===== Recorded data =====

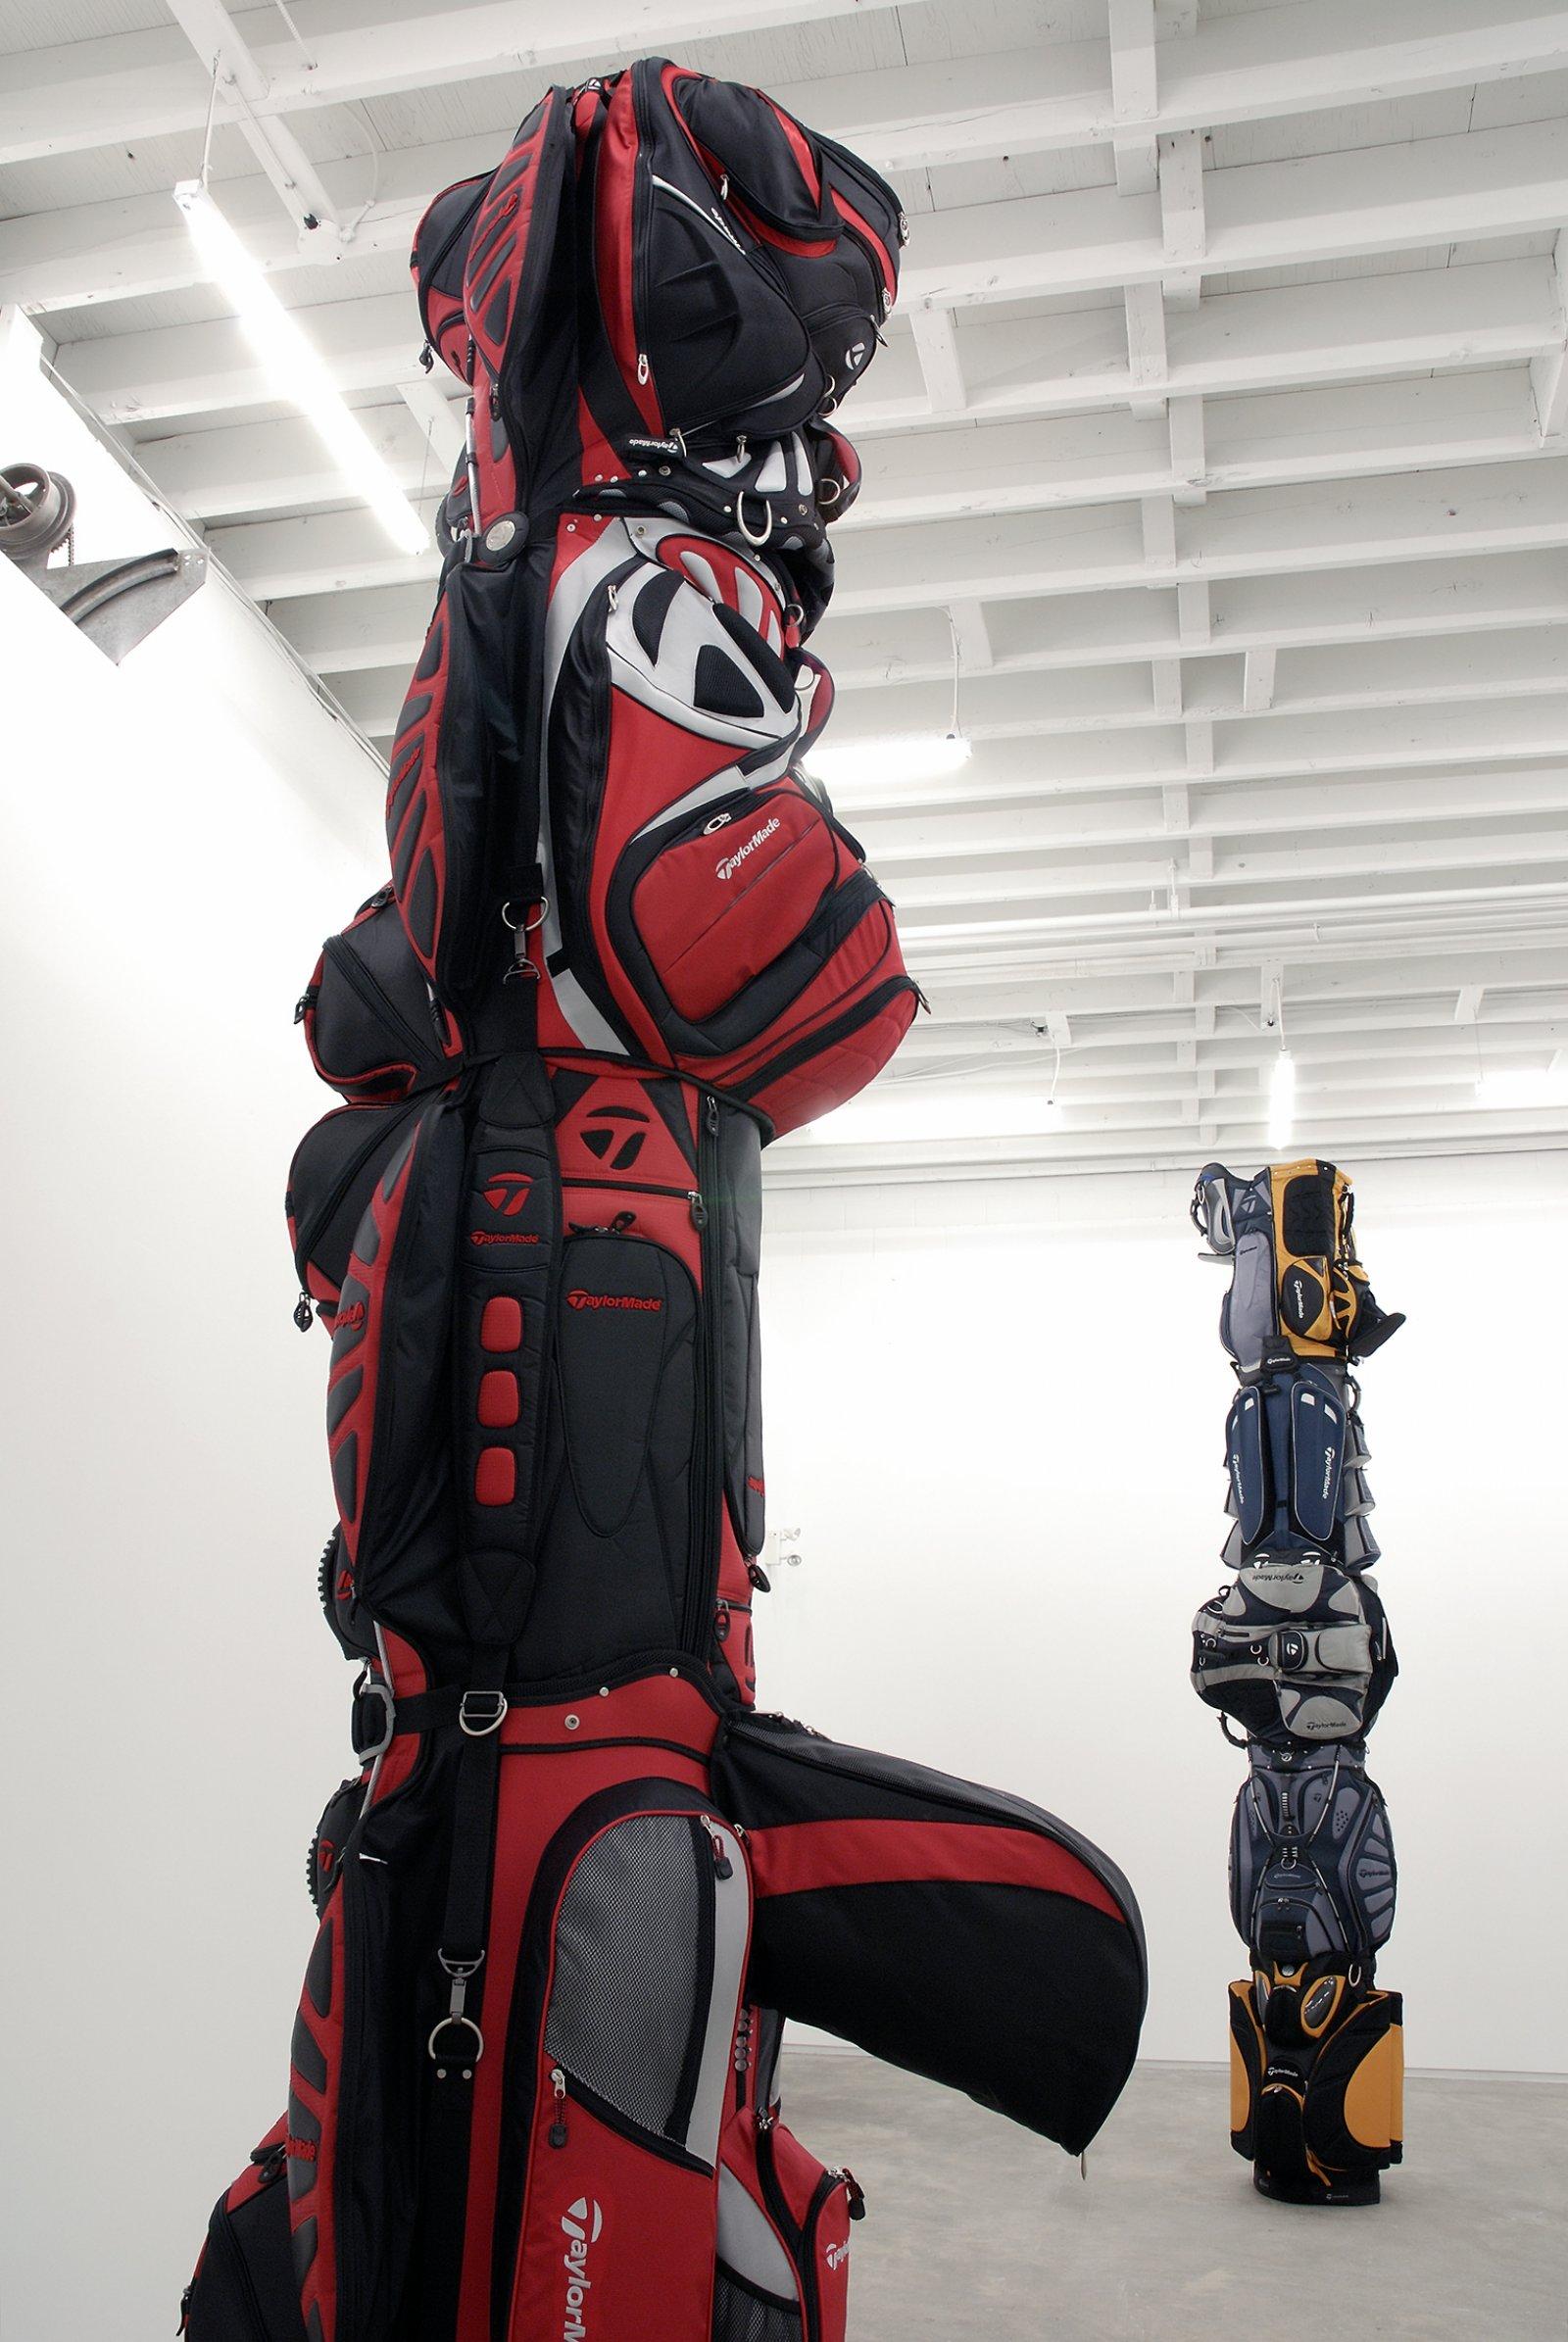 Brian Jungen, 2000, 2007, golf bags, cardboard tube, 146 x 30 x 38 in. (371 x 76 x 97 cm) by Brian Jungen
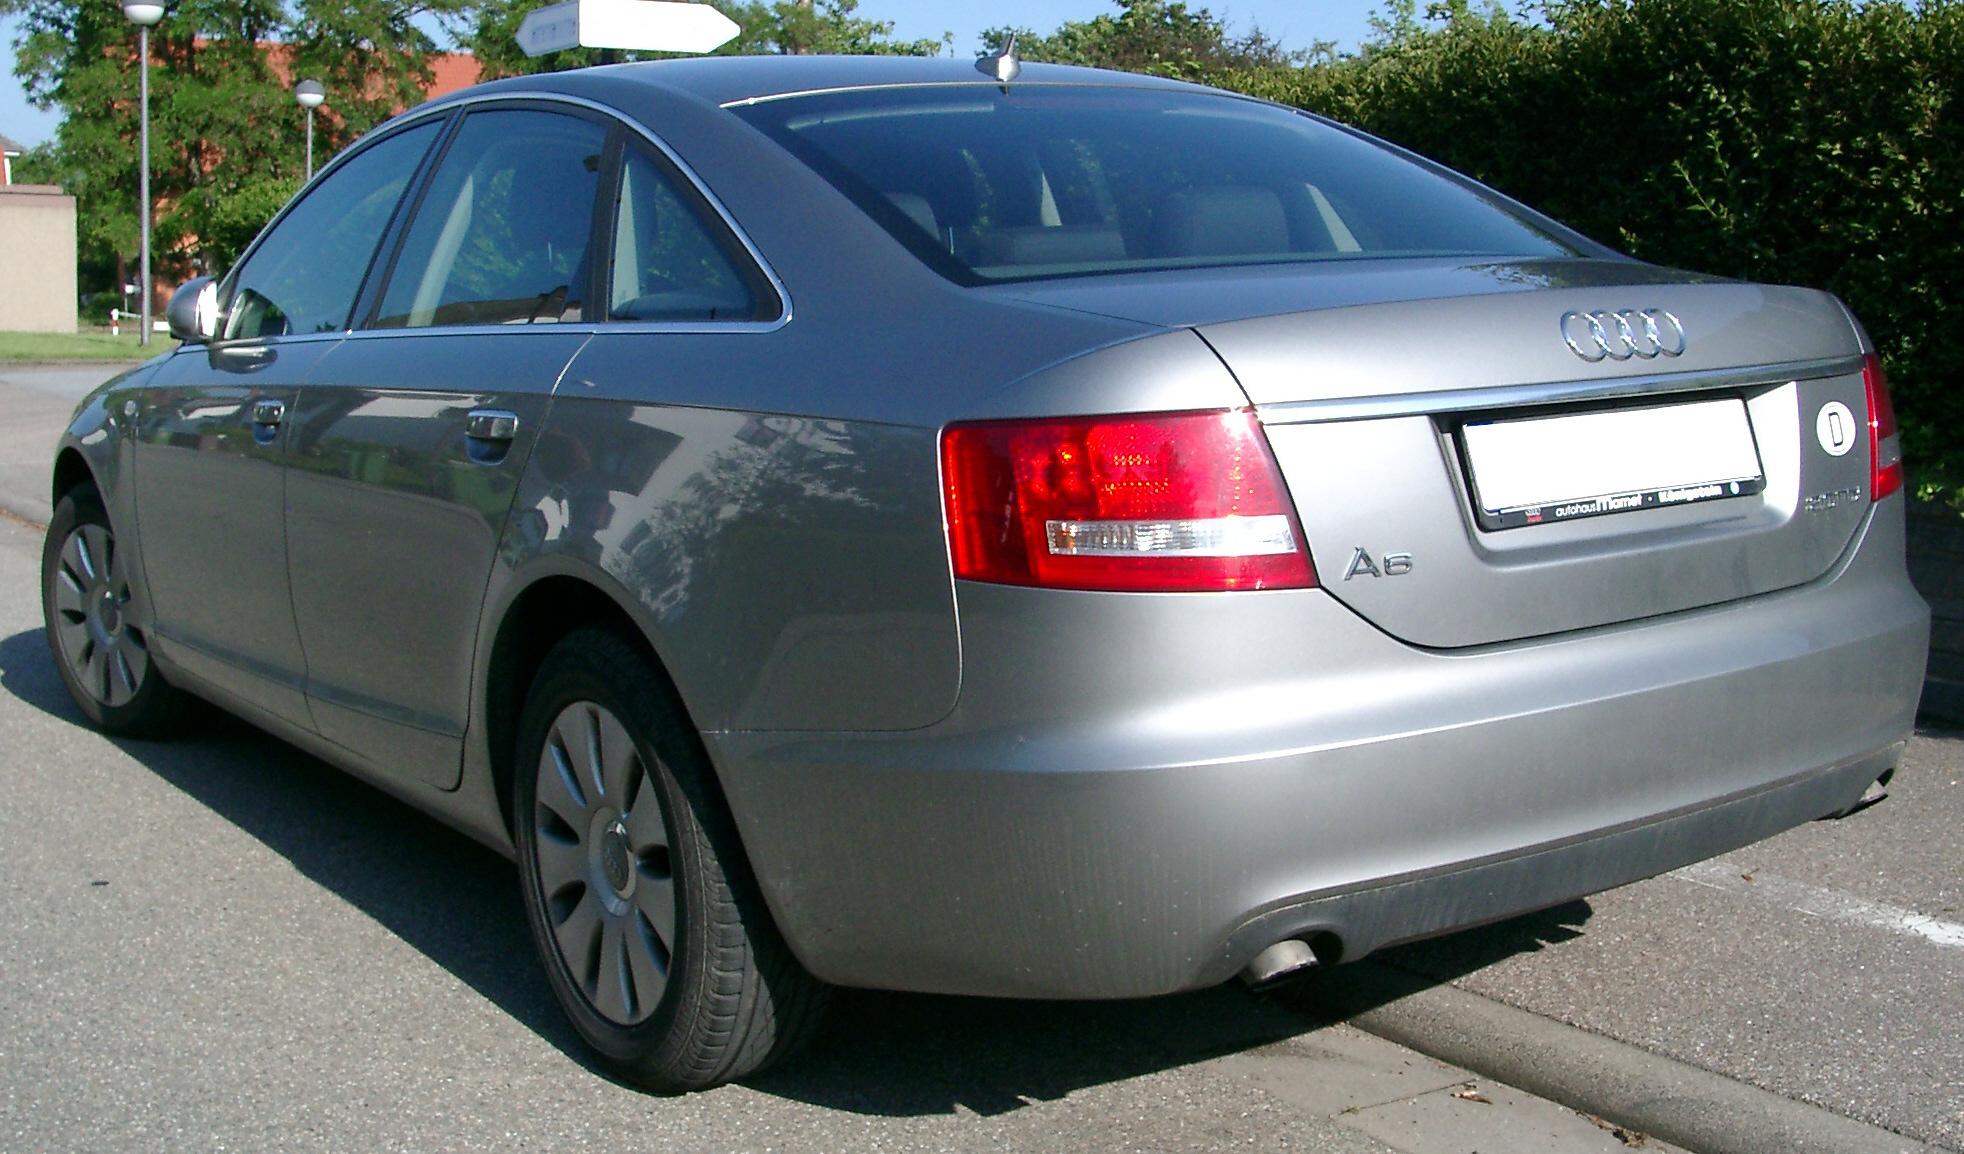 File Audi A6 C6 Rear 20070518 Jpg Wikimedia Commons
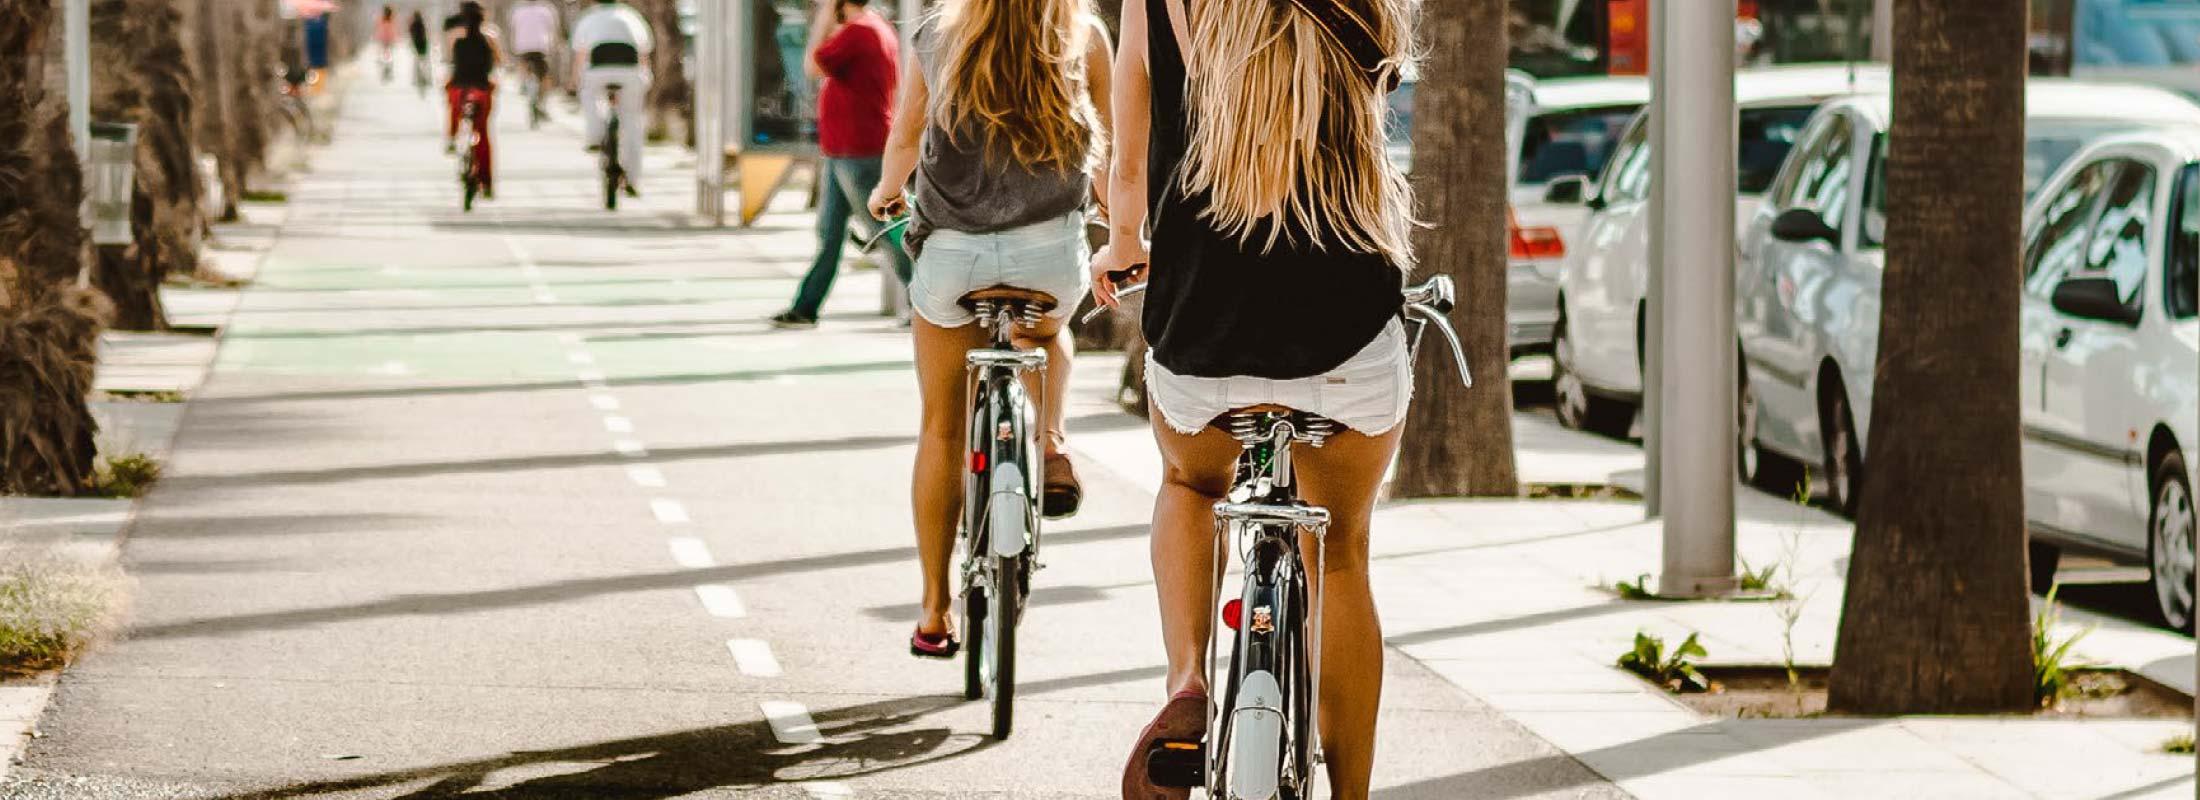 City Steel - Enjoy your bicycle

=====

Exercise objective
With images left out, the data must be transcribed exactly.

Result of this task
 Brian Jungen, 2000, 2007, golf bags, cardboard tube, 146 x 30 x 38 in. (371 x 76 x 97 cm) by Brian Jungen
 File Audi A6 C6 Rear 20070518 Jpg Wikimedia Commons
 City Steel - Enjoy your bicycle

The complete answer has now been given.